START Collected material

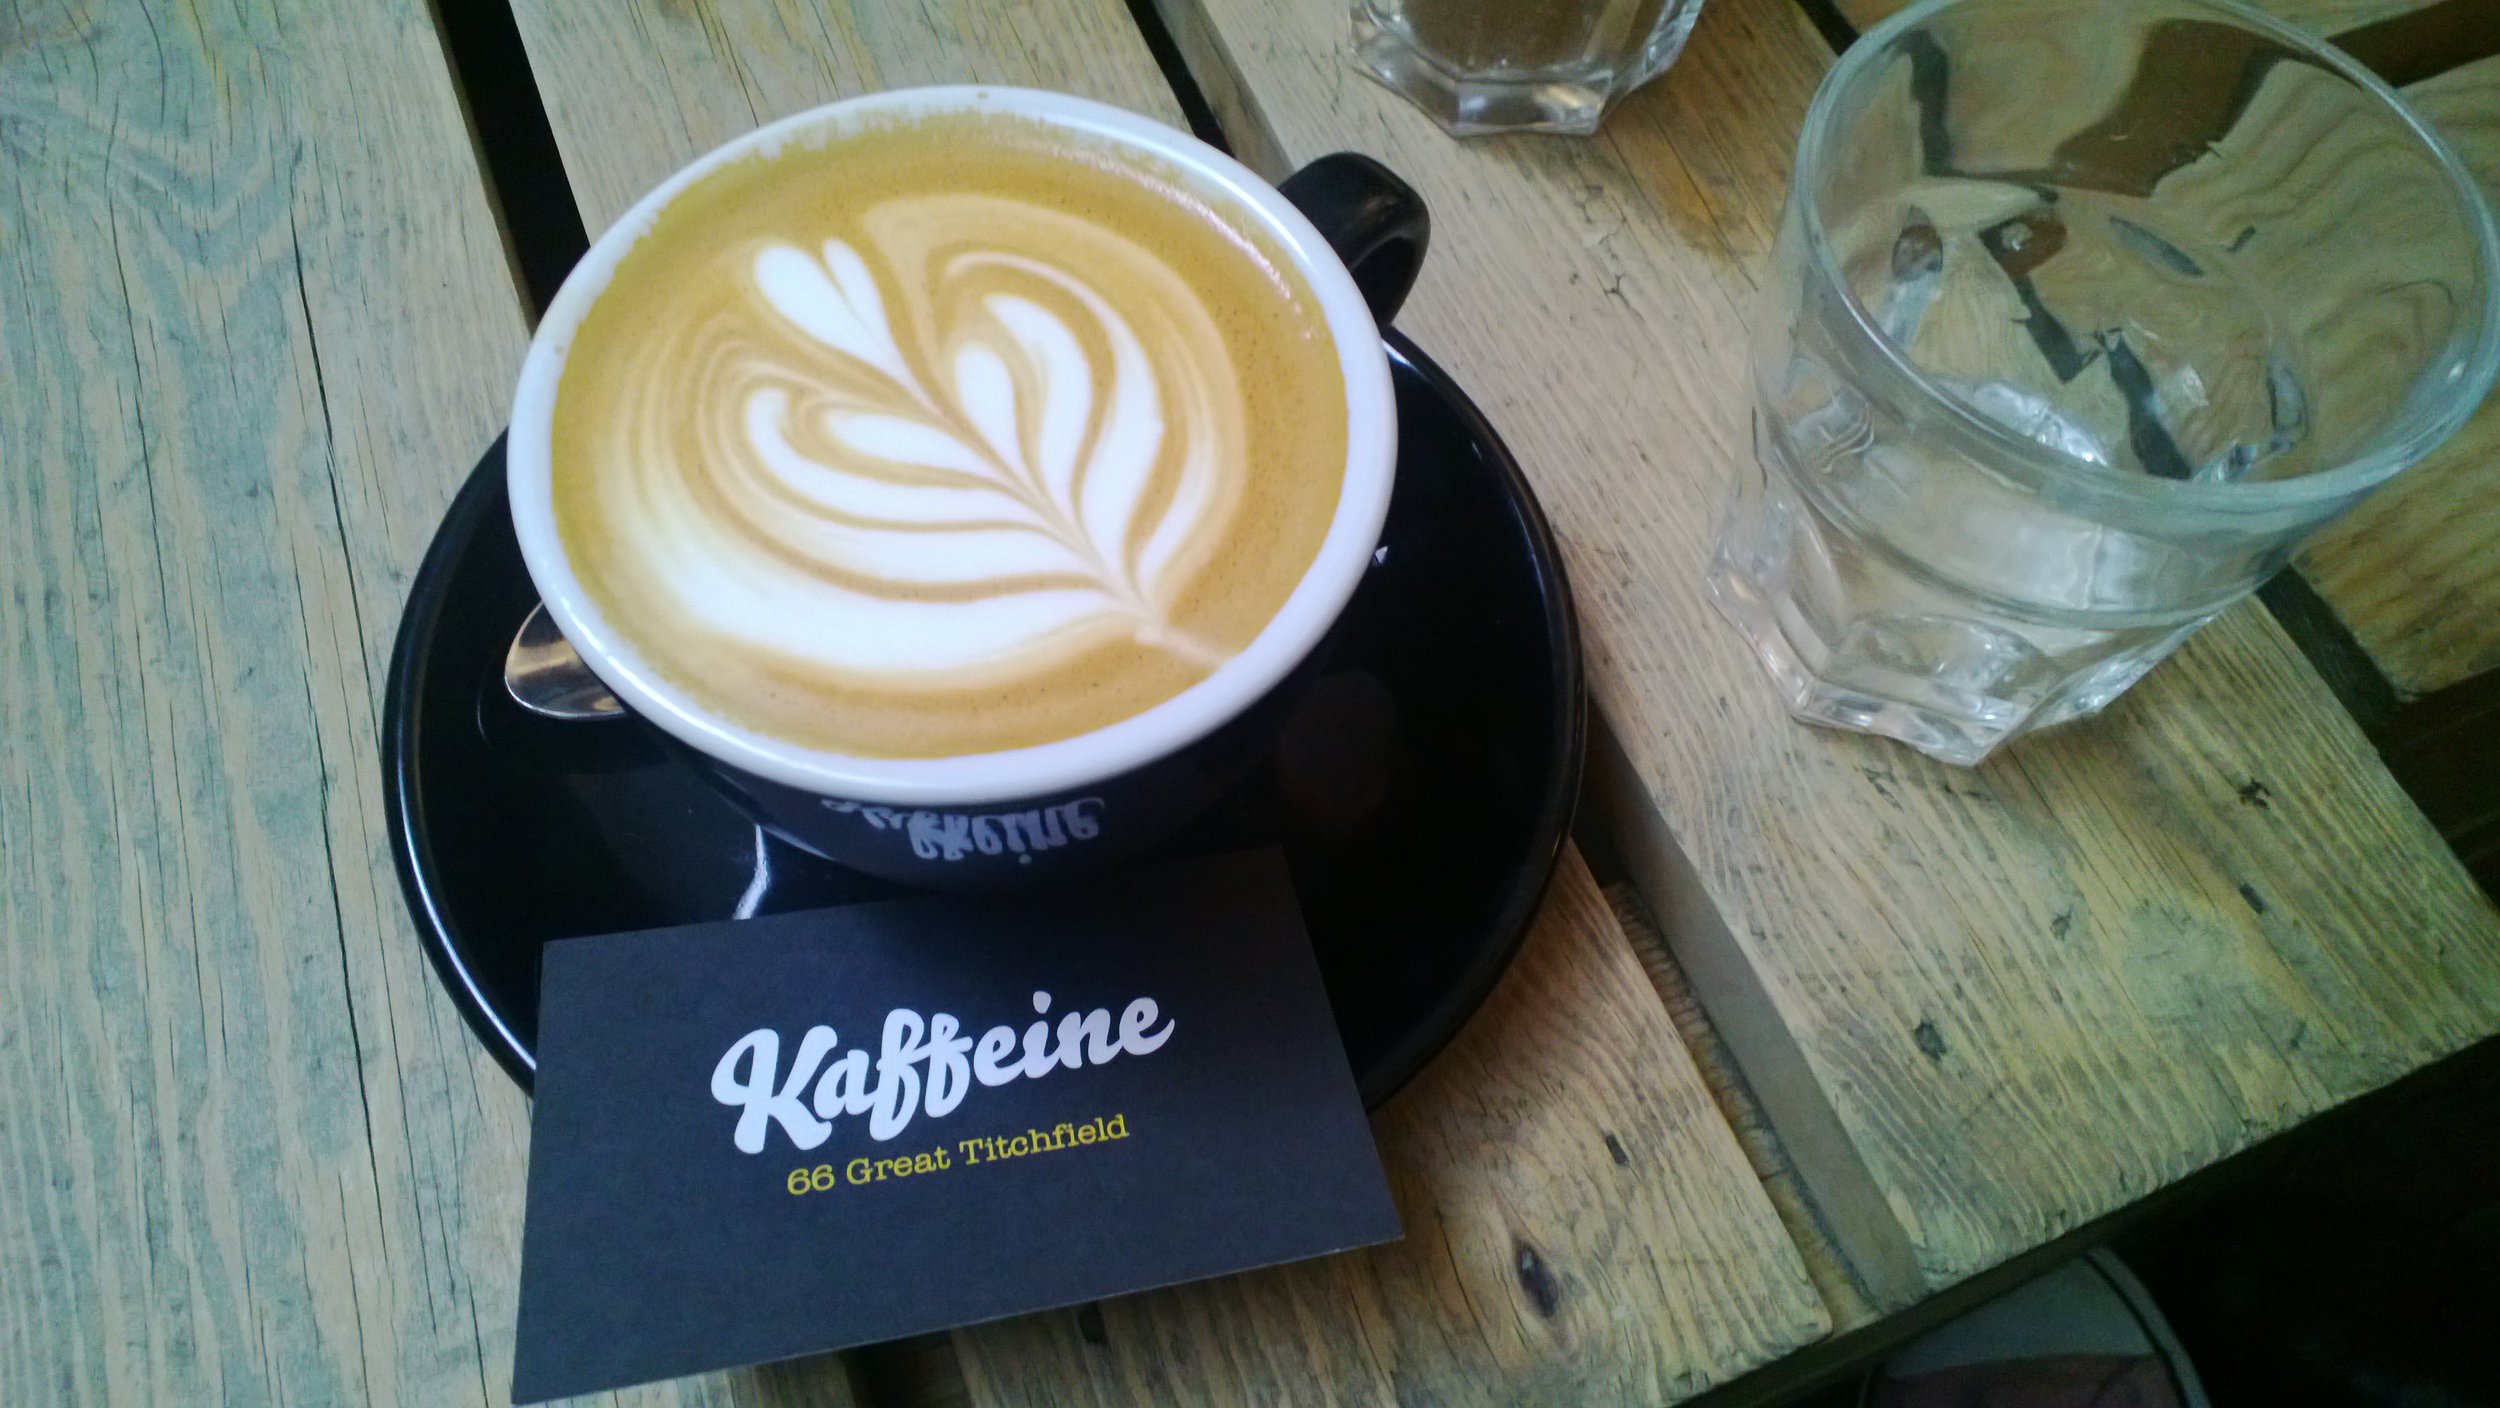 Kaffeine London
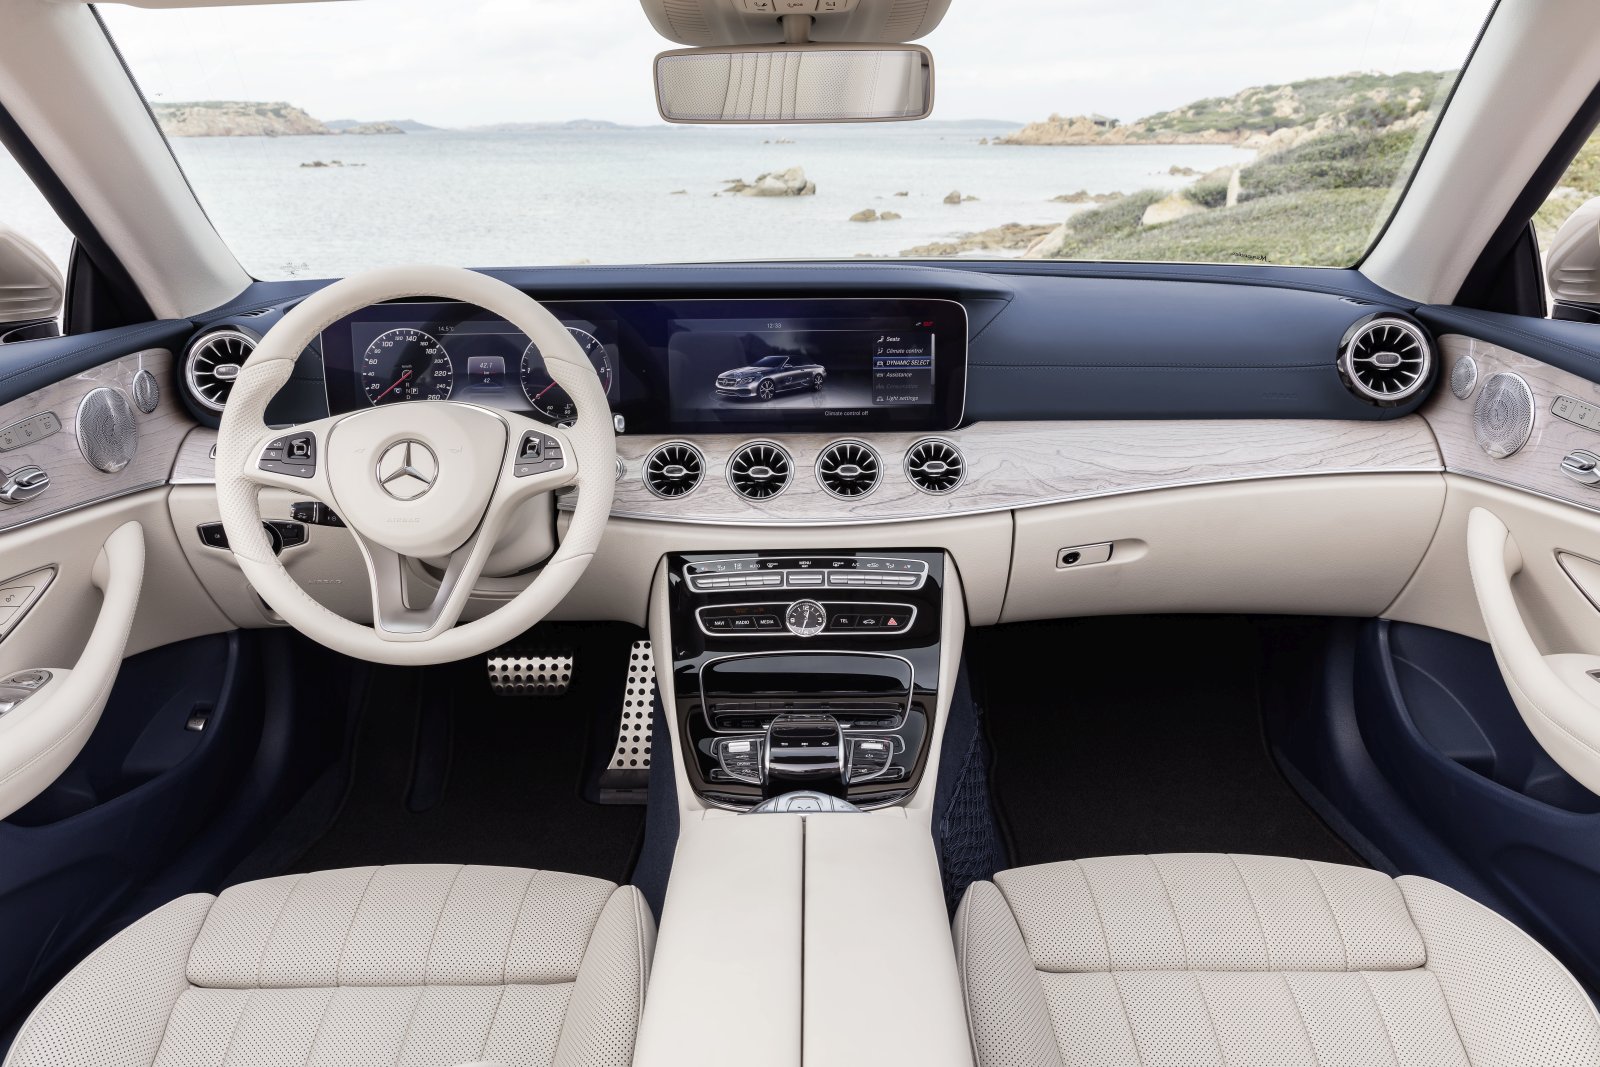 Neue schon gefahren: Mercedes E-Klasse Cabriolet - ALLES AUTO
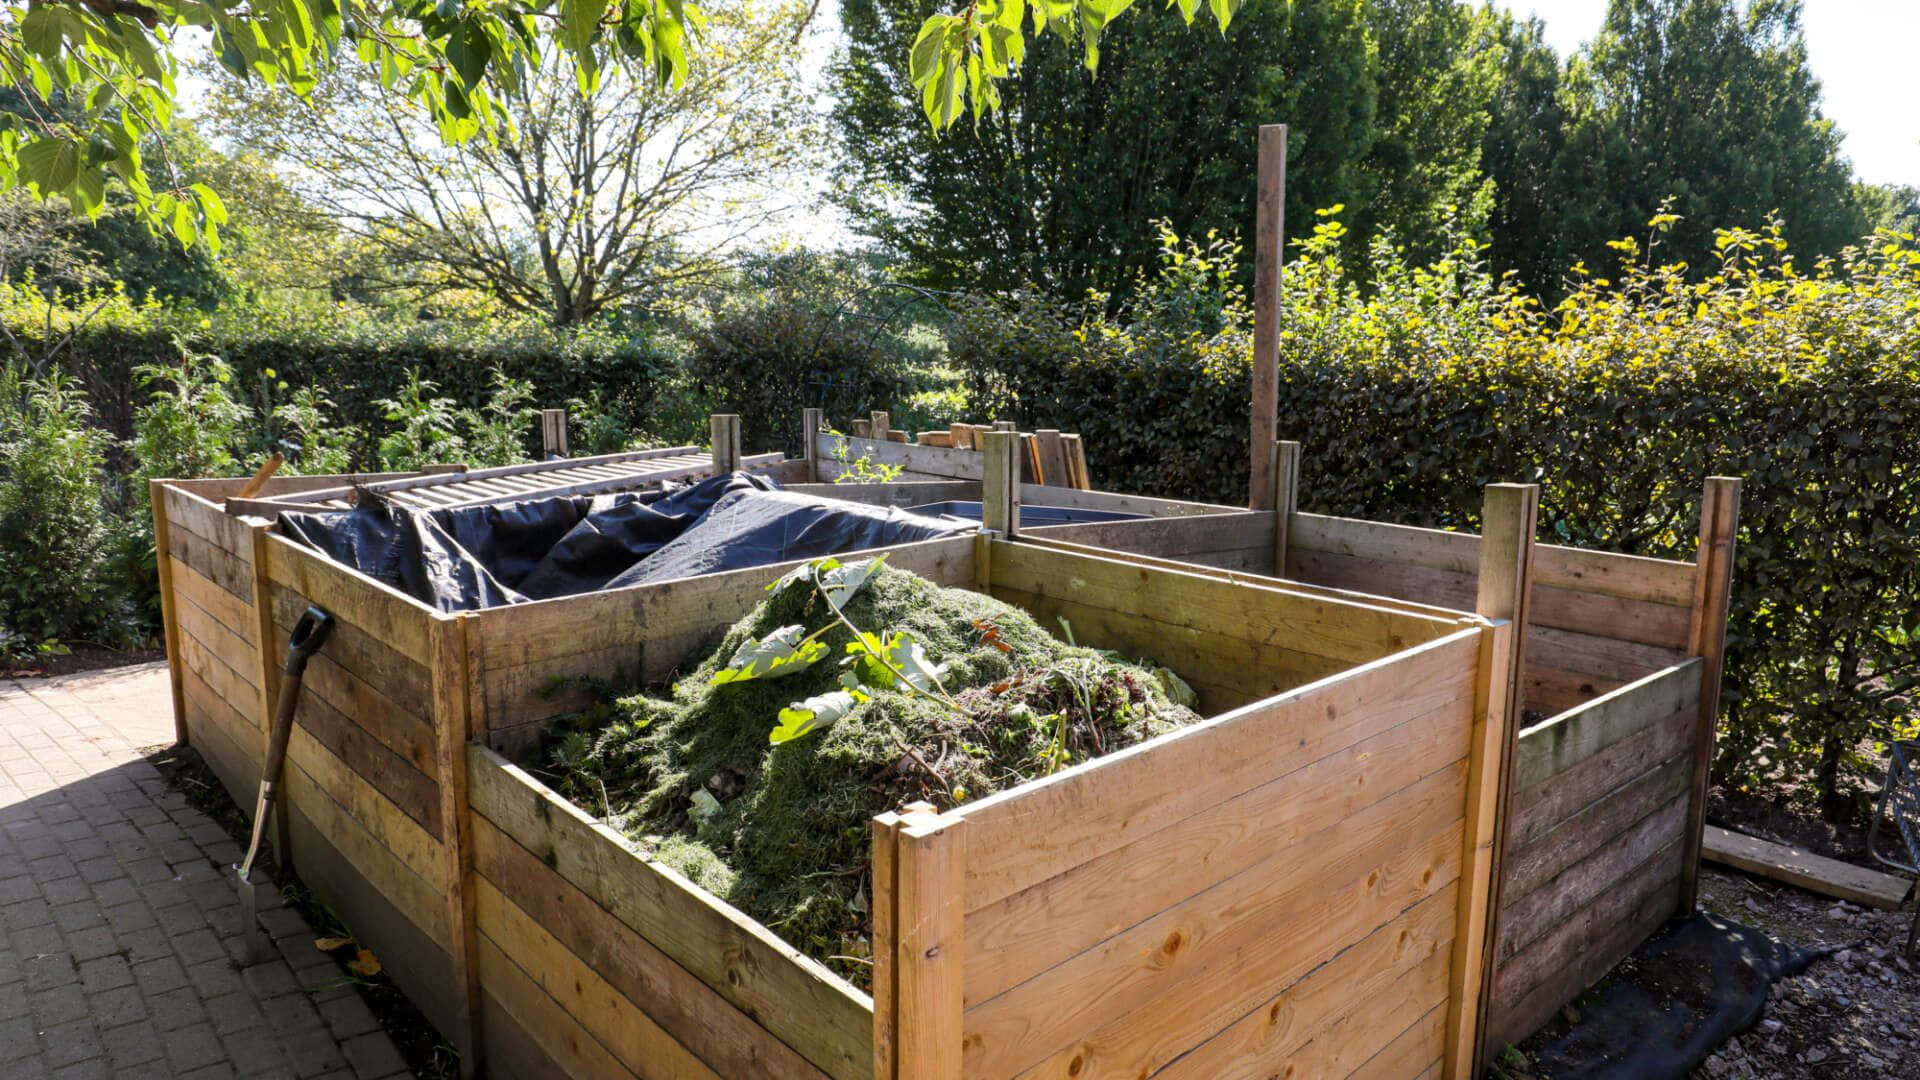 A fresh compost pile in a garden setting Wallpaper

END Collected material

* _Exercise directions_:
From the material above, reproduce everything verbatim except the pictures.

* _Reply_:
 Kaffeine London
 Neue schon gefahren: Mercedes E-Klasse Cabriolet - ALLES AUTO
 A fresh compost pile in a garden setting Wallpaper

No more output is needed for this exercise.